Our project uses a Rust engine leveraging tokio’s async event loop and wiring that up to Python’s. The engine itself is implemented as an extension module, and the application is a Python app. The only reason we use Python anymore is because it’s a VERY great language for rapid development and readability. We just couldn’t expect our wonderful plugin authors to write everything in Rust.

At the boundary, we’re consuming read-only deep Python data structures. We leverage PyO3 to make that simple. (An interpreter pool could work if those could read shared memory AND PyO3 consumed it, but still not ideal)

Python was also the first language supported in our build system in V2, and I’d argue we have best-in-class monorepo support for Python. So, we <3 Python.
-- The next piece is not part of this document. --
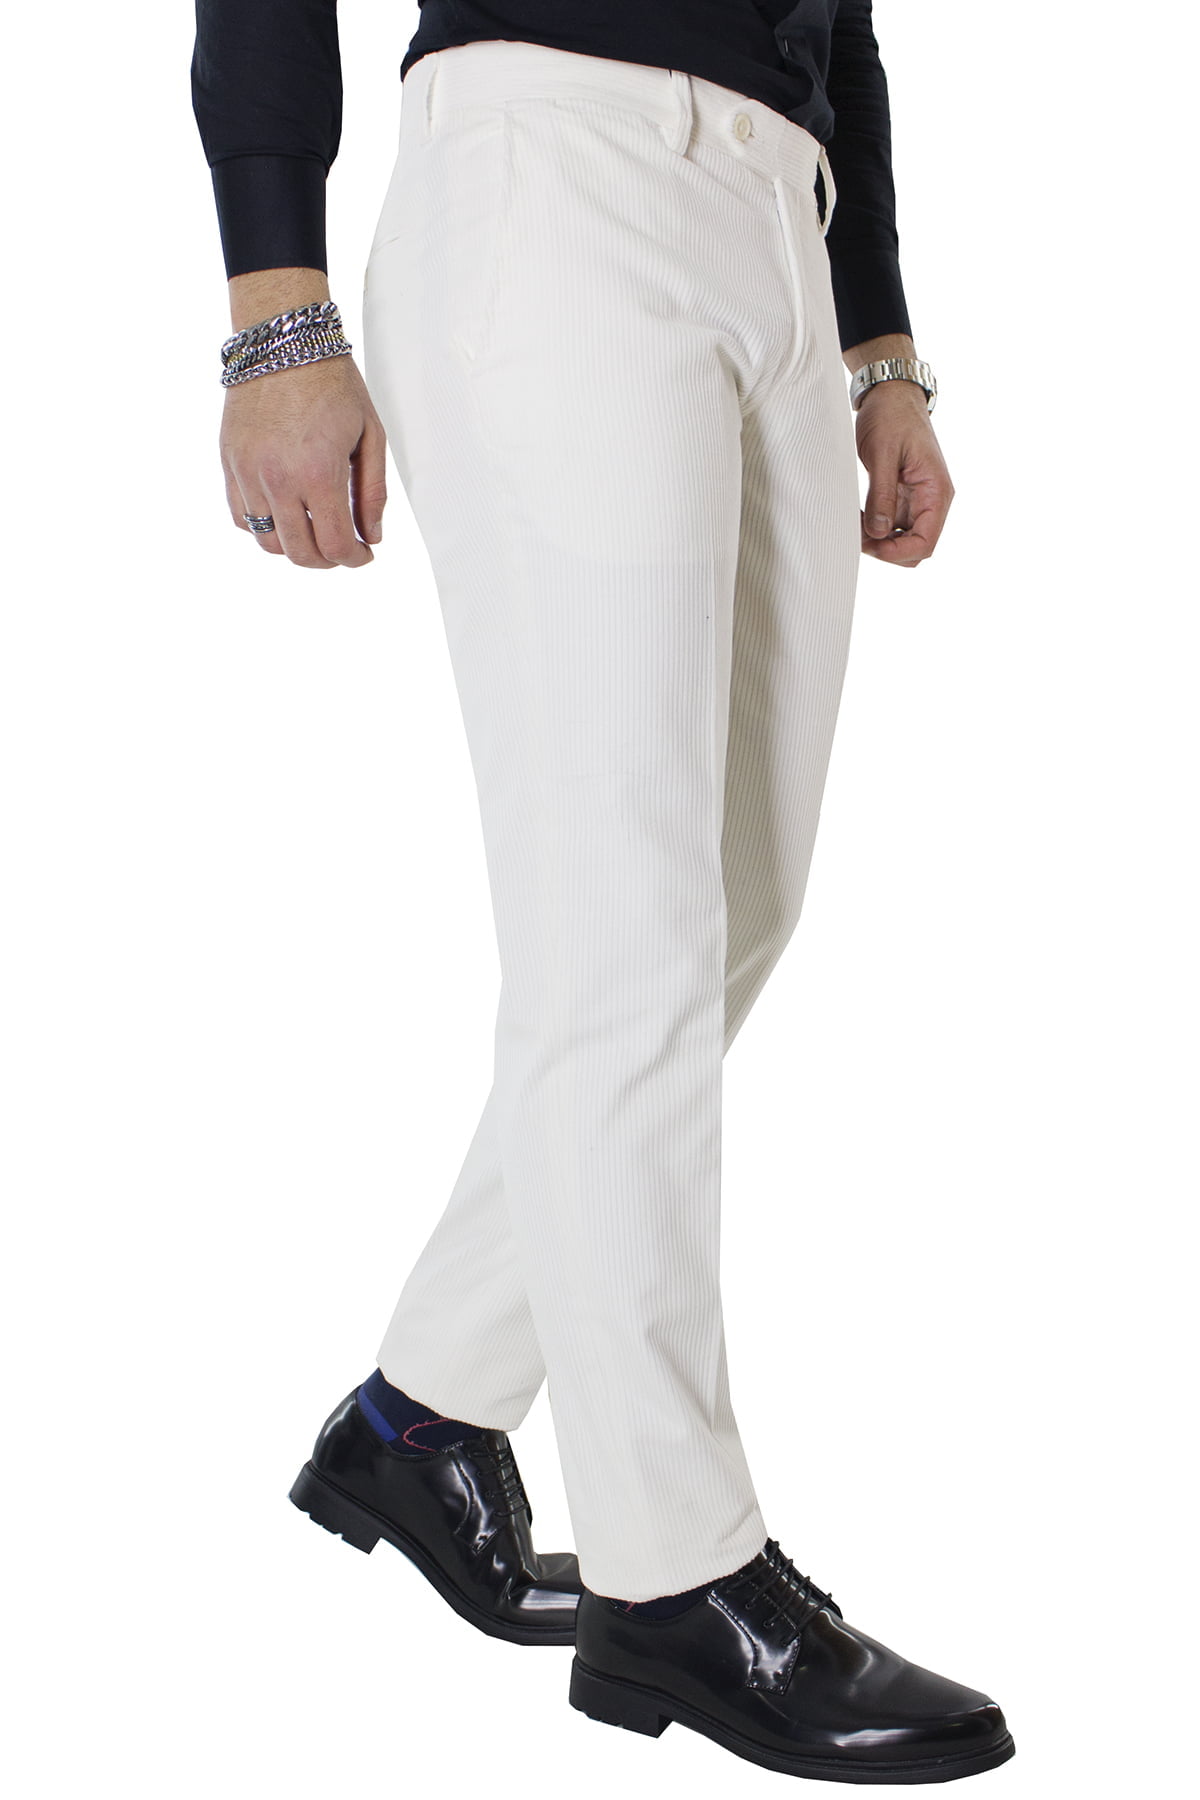 Pantalone uomo bianco in velluto a coste strette con tasche america orlo naturale

The GIL is one of the reasons we see poor multi-core performance in a lot of scenarios. When we measure those we port them to Rust. Not because Rust is fast but because we can do work outside of the GIL.
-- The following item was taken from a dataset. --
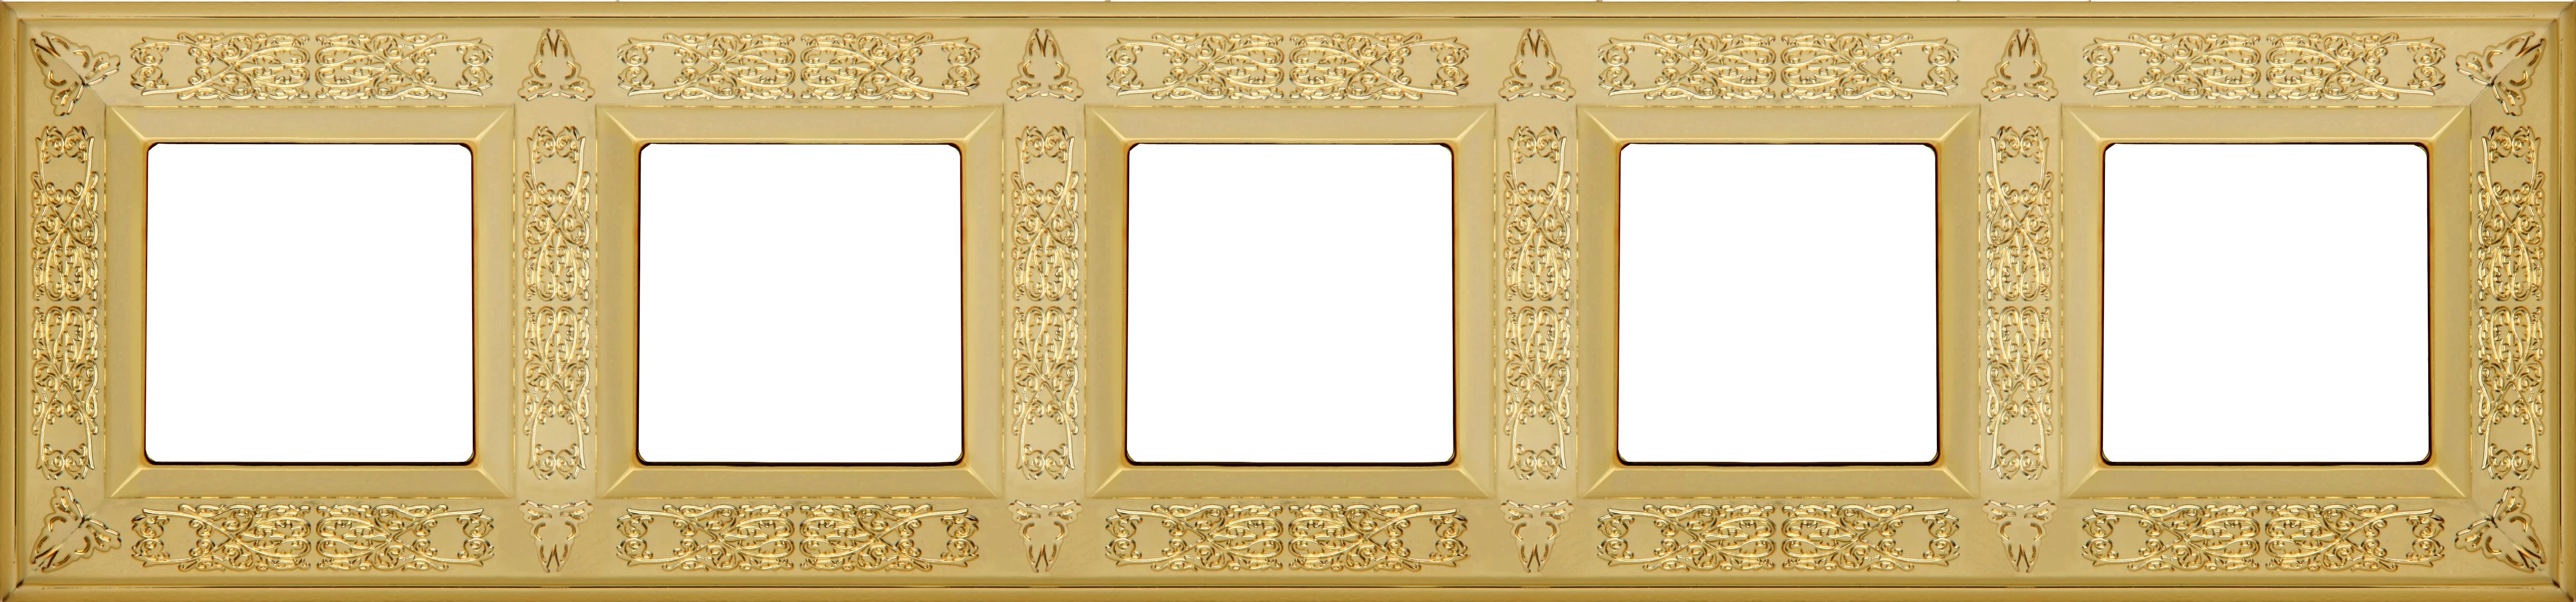  артикул FD01415OB название Рамка пятерная, цвет Светлое золото, Granada, Fede

I can likely make a very strong case for porting the Rust code back to Python if the GIL wasn’t holding us back. Having the code be pure-Python means it’s easier to read for everyone, and we don’t split ourselves between Rust and .pyi to get good type support. And faster development.

Lastly, our use case doesn’t rely on 3rdparty libraries (we do today, but those can easily be removed). So we’d immediately benefit from a no-gil CPython (once PyO3 support was merged). I actually tried it out, but hit a few bugs/snags. I’m eager to try it again.

So, there’s our data point :smile:

20 Likes

For sure yes. But even more important: with typing already in place, new code can be directly written in Python and compiled to native code. Pure Python libraries do not disable the GIL as extensions may do, but if the GIL is not in place and the code can be compiled (or JIT-compiled), many libraries will be directly written in Python.

mypyc is already a good example and many other compilers would surely pop up.

Let’s envision a future in which most of Python is written in Python itself until it can 100% bootstrap itself.

3 Likes

Yes, because most of the C code that I write leans heavily on the GIL for its own sanity. Given the choice between implementing my own fine-grained locking vs. assuming/hoping/dreaming that someone will make ctypes totally safe, I’d probably rest my hopes on someone adopting ctypes maintenance. (I’m not doing perf-sensitive stuff mostly, it’s OS integration.)

1 Like

Revisiting this thread and had some additional thoughts/questions [1]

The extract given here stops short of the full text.